Exercise prompt: Without any of its pictures, the listing below should be output exactly.

Collected data:
--------------------------------------------------

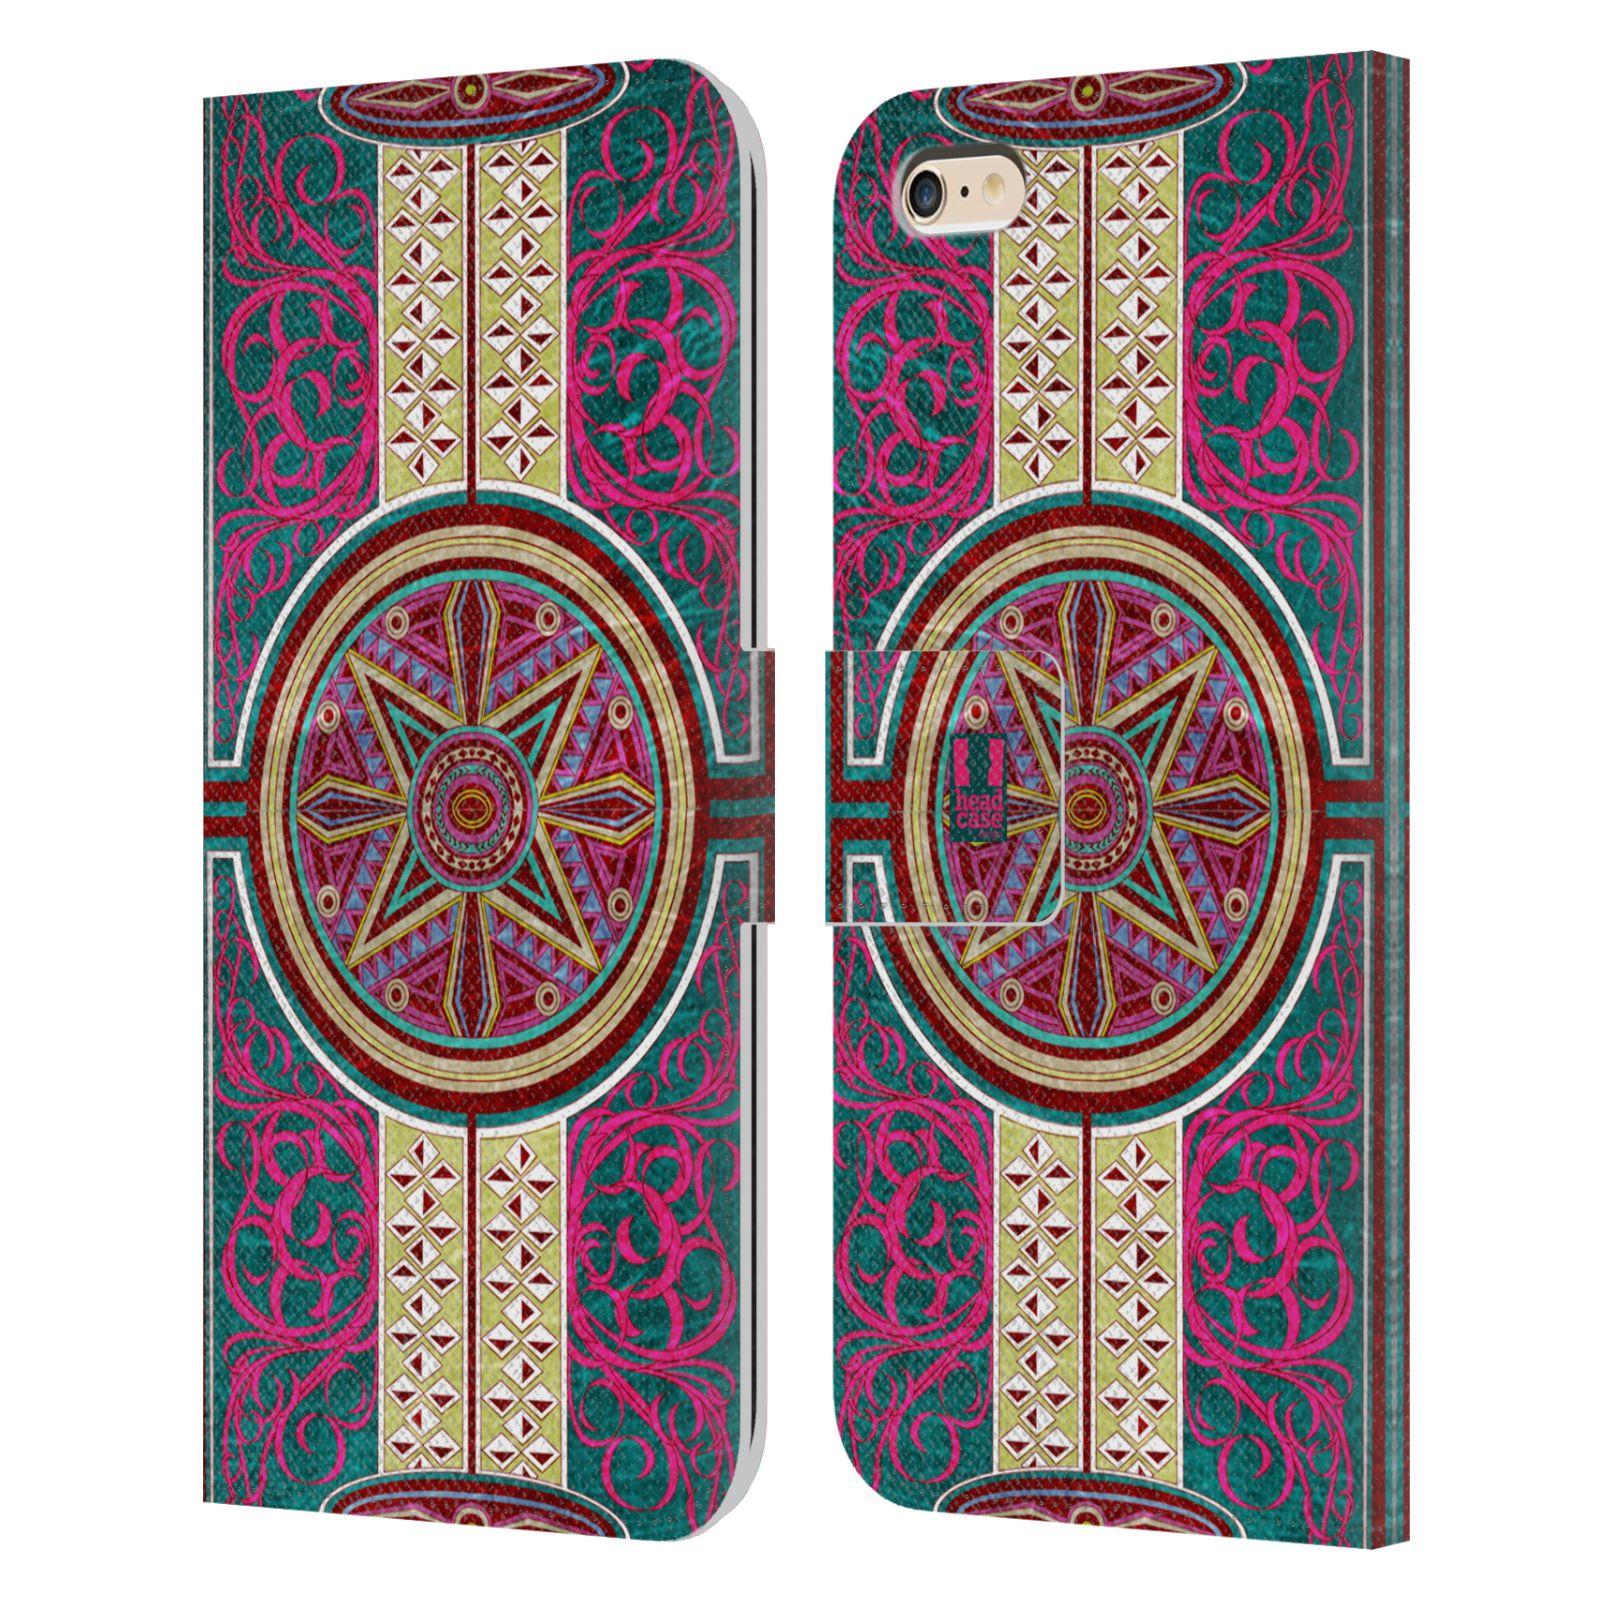 HEAD CASE Flipové pouzdro pro mobil Apple Iphone 6 PLUS / 6S PLUS ARABESKA Baroko rudá kruh
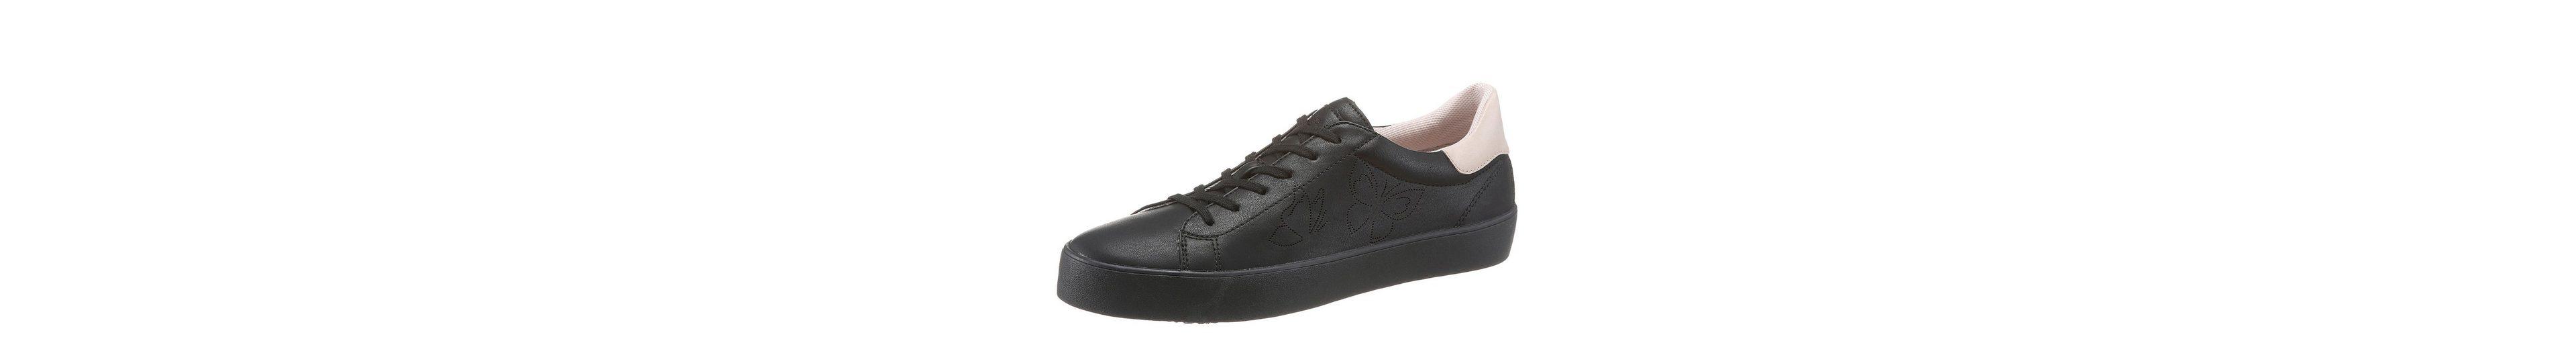 ESPRIT Mandy Lace Up Sneaker, mit andersfarbigem Fersendetail
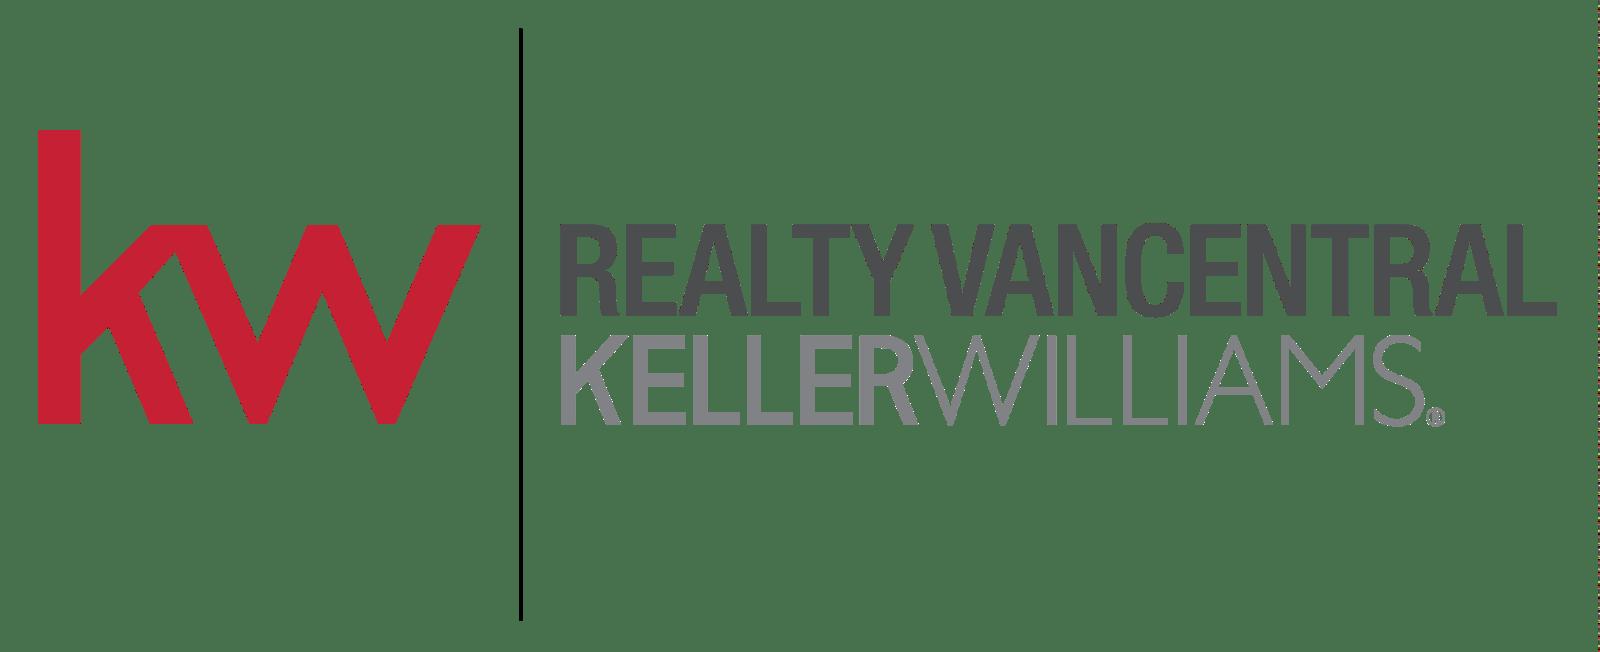 Keller Williams Realty VanCentral
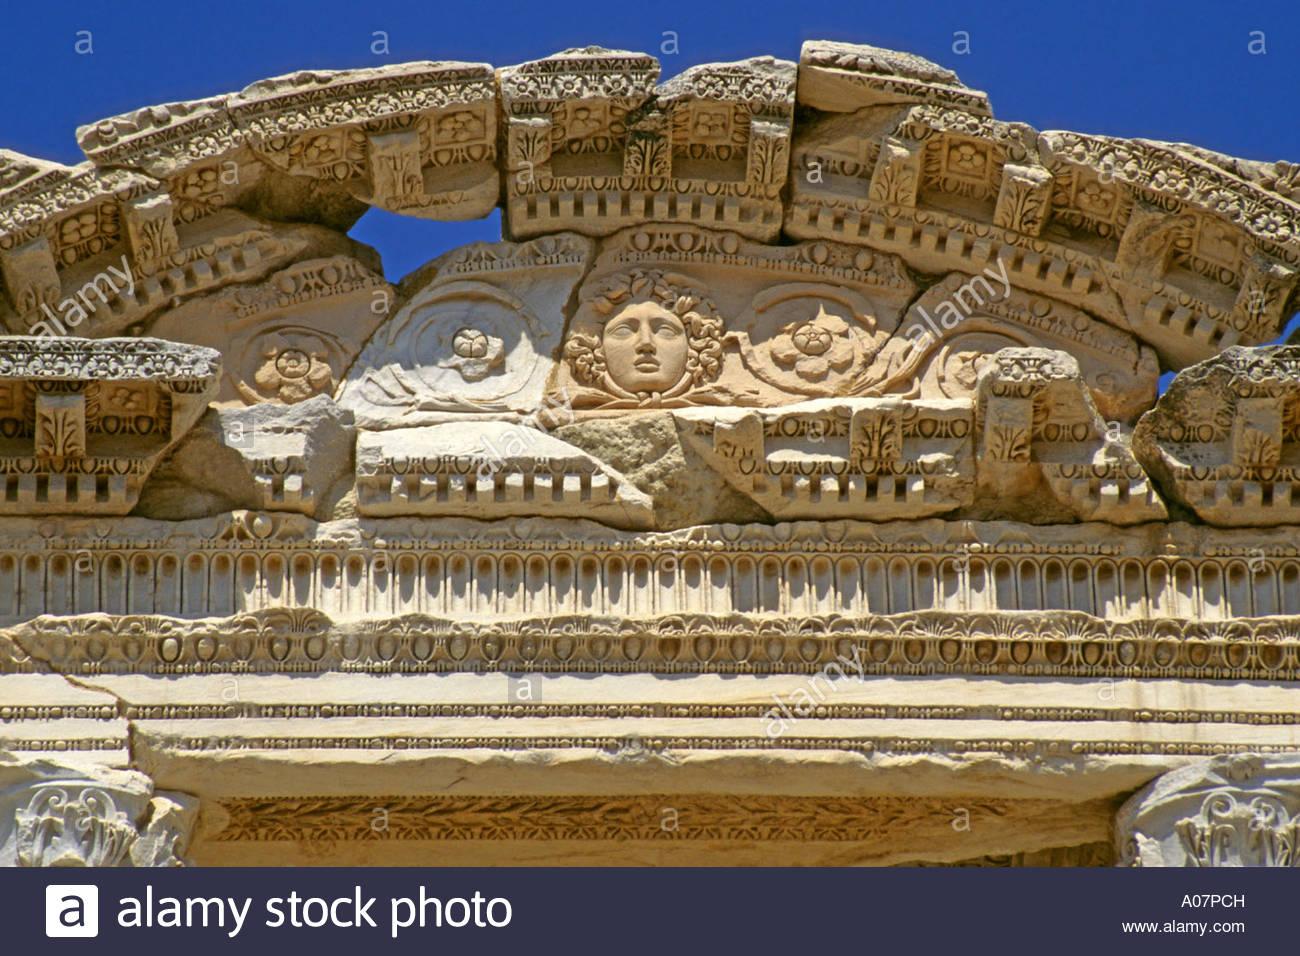 Pediment, Celsus Library, Ephesus - Stock Image

--------------------------------------------------

Output of the exercise:
 HEAD CASE Flipové pouzdro pro mobil Apple Iphone 6 PLUS / 6S PLUS ARABESKA Baroko rudá kruh
 ESPRIT Mandy Lace Up Sneaker, mit andersfarbigem Fersendetail
 Keller Williams Realty VanCentral
 Pediment, Celsus Library, Ephesus - Stock Image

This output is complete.